Toronto-Dominion Bank (TSE: TD) (NYSE: TD) has disclosed net-zero aligned 2030 interim financed emissions targets for two high-emitting sectors, namely energy and power generation.
Climate Goals
TD’s 2021 ESG Report, 2021 TD Ready Commitment Report and 2021 Climate Action Plan: Report on Progress and Update on TCFD illustrate the bank’s continued commitment to meeting the stakeholders informed of progress on ESG issues.
TD is among the global banks that have committed to establishing and disclosing their interim Scope 3 funded issuance targets.
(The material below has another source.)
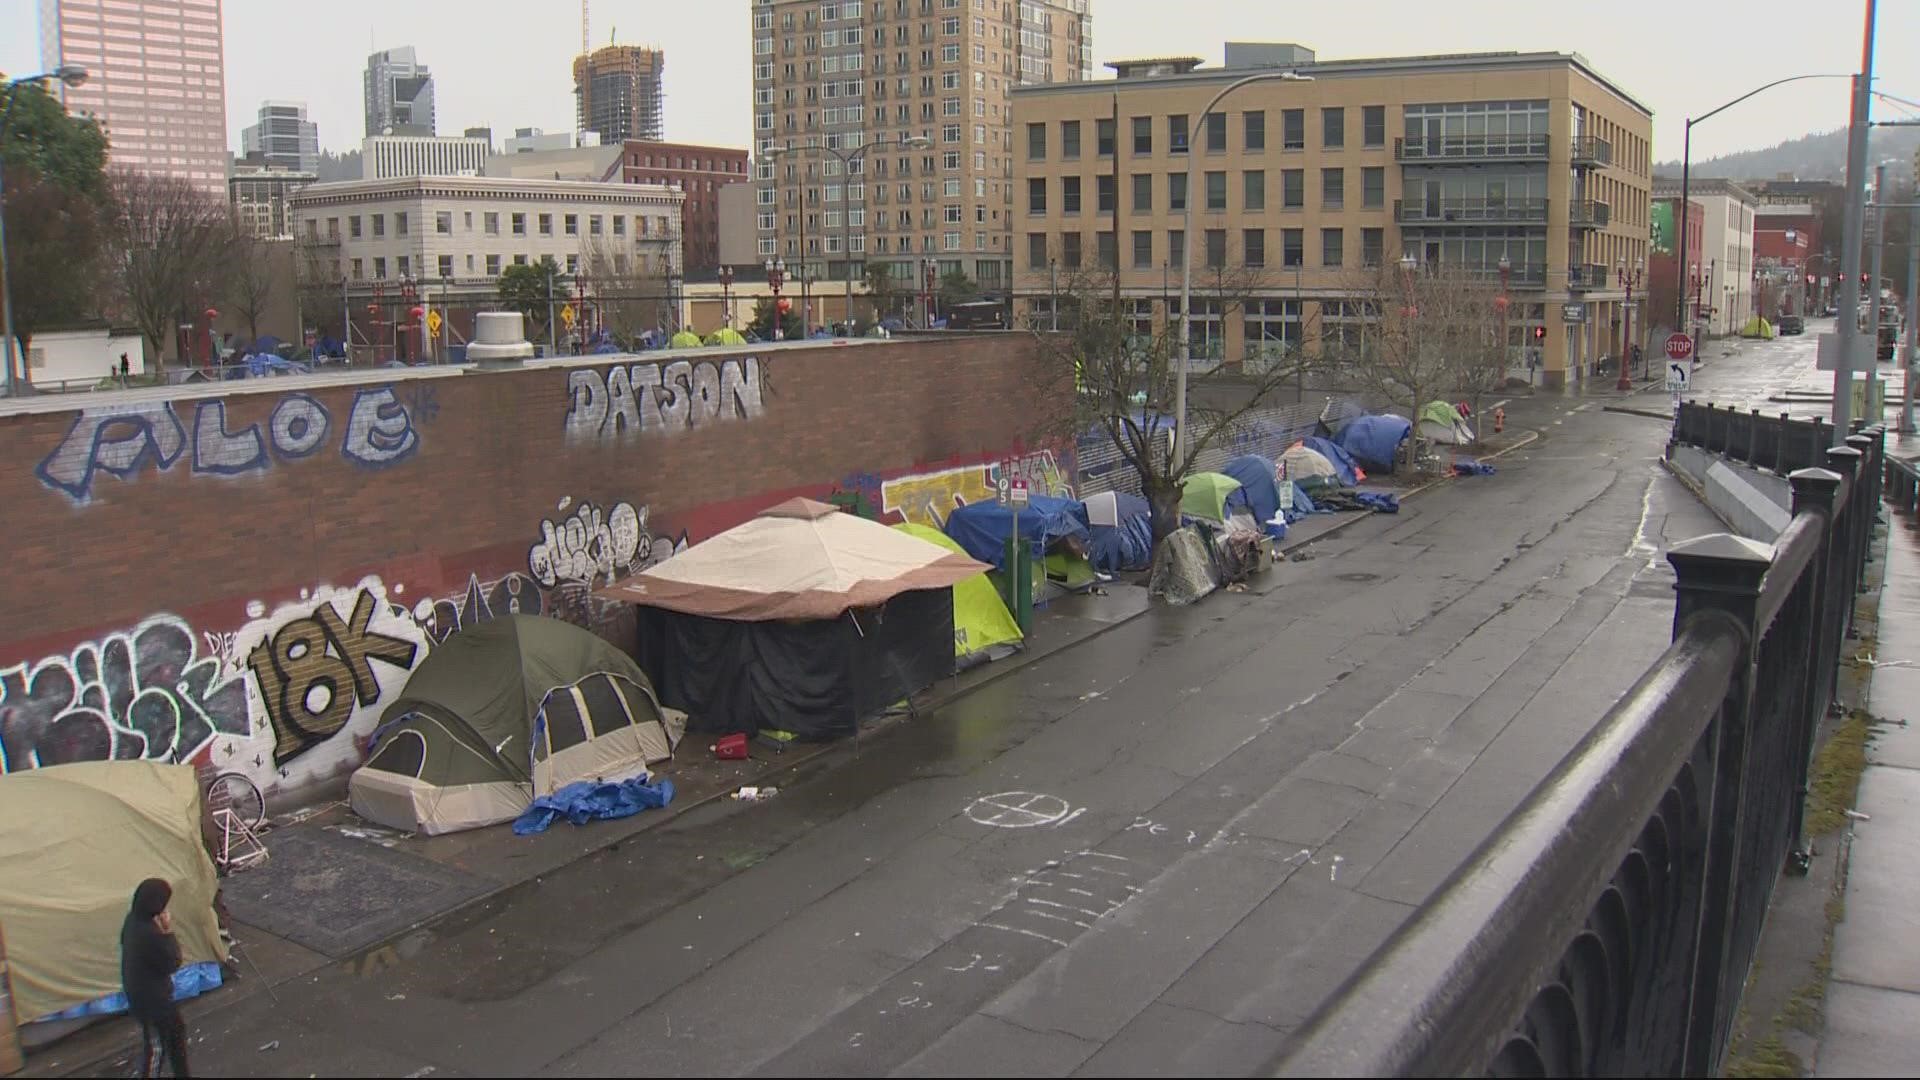 The mayor wants three 500-person homeless "campuses" with each divided into four 125-person camps.
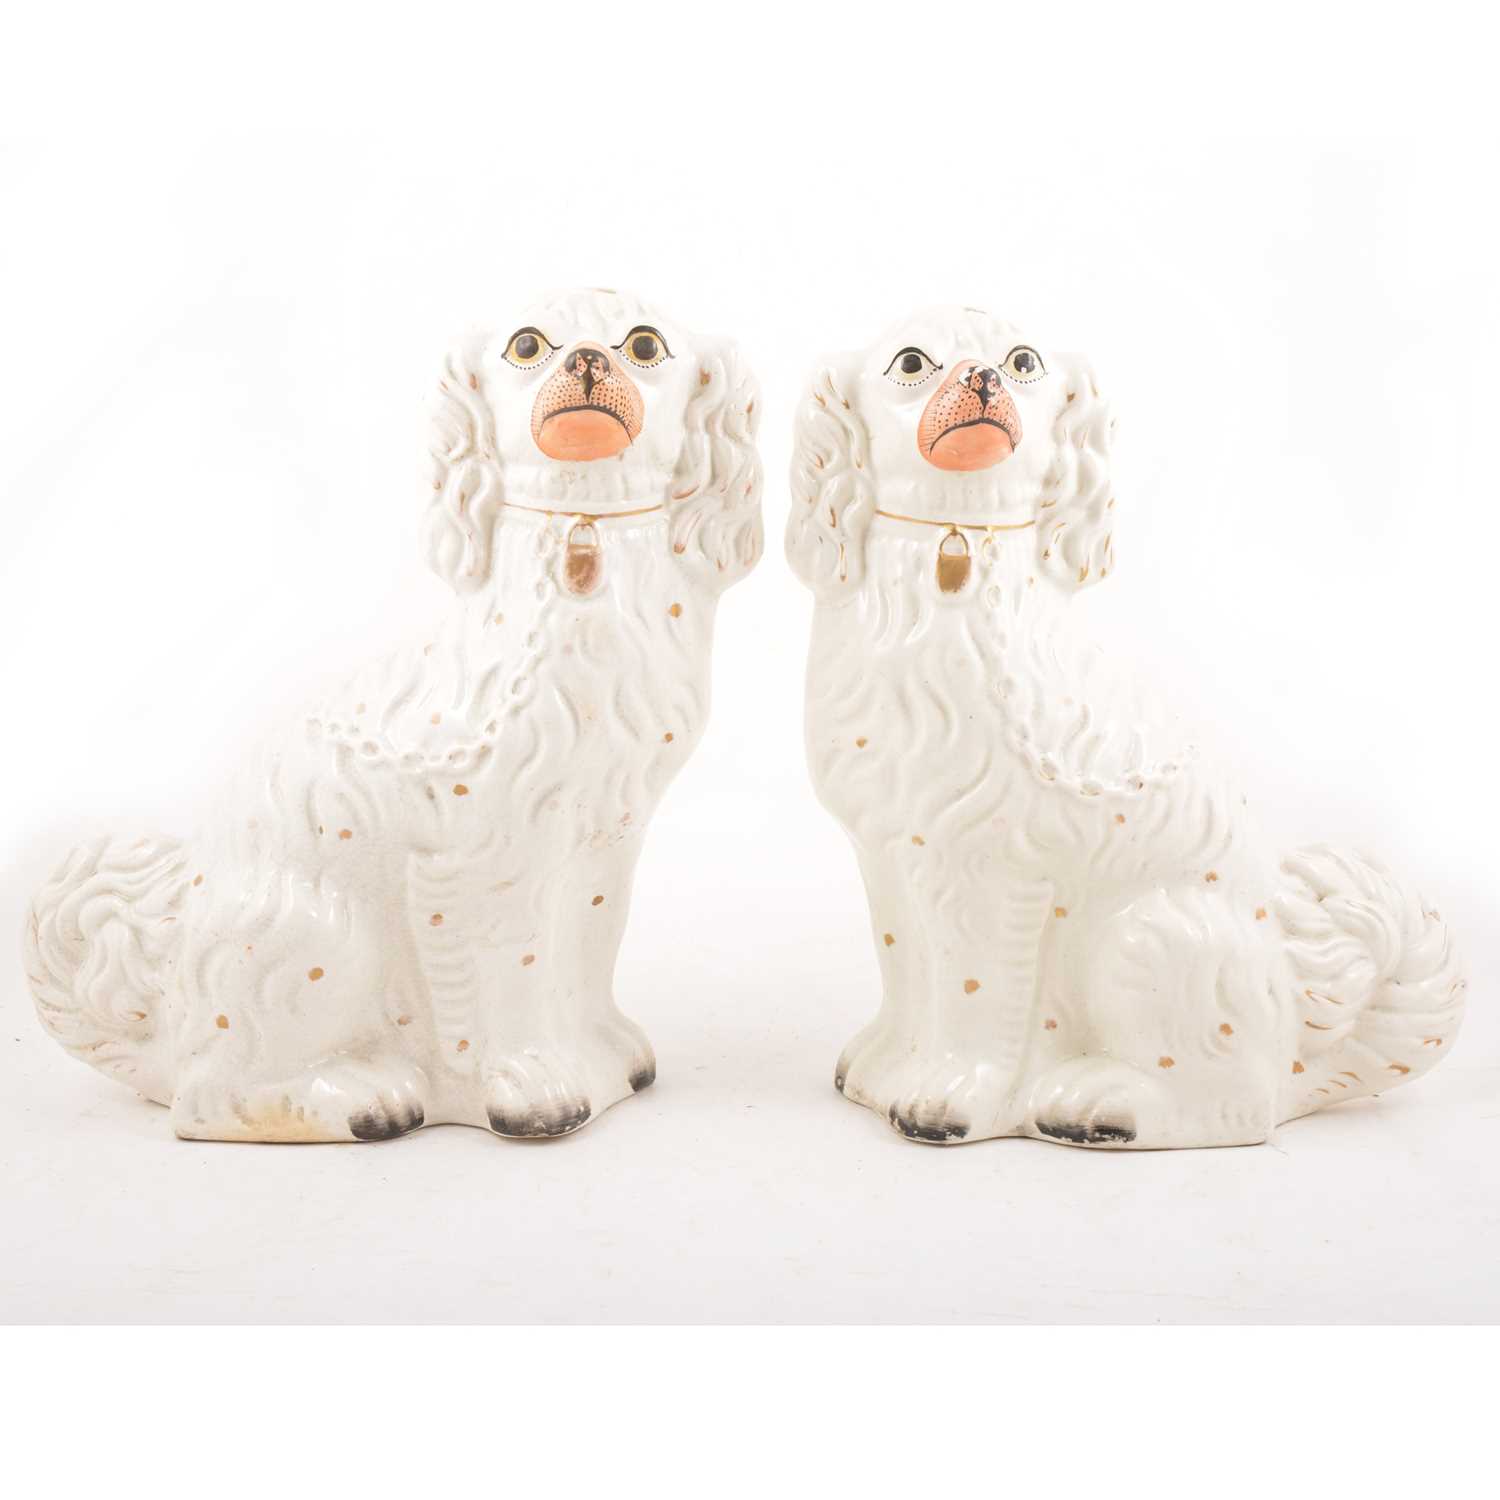 Lot 29 - Pair of large Staffordshire King Charles Spaniels.

In a new paper (Advancing Our Climate Action Plan: Methodology for TD’s Interim Financed Emissions Targets), the bank outlined its method for tracking progress on its journey to achieve net-zero greenhouse gas (GHG) emissions by 2050.
Management Commentary
“As one of the largest banks in North America, we can play a critical role in helping to create a more inclusive and sustainable future. This is core to our purpose as an organization and while not new to us, as we confront the pressing challenges presented by climate change, the importance of this work is amplified,” said Norie Campbell, Group Head and General Counsel, TD, and Chair of the Bank’s ESG Senior Executive Forum.
“Our interim Scope 3 targets represent a significant step forward, turning our commitments into action to support the ambitious climate goals we have set.”
Wall Street’s Take
On March 7, National Bank analyst Gabriel Dechaine downgraded TD to Hold from Buy with a C$100 price target. This implies 1.5% upside potential.
Overall, TD scores a Hold rating among Wall Street analysts based on three Buys, seven Holds, and one Sell. The average Toronto-Dominion Bank price target of C$110.40 implies 12% upside potential to current levels.
TipRanks’ Smart Score
TD scores a 7 out of 10 on TipRanks’ Smart Score rating system, indicating that the stock returns are likely to be in line with the overall market.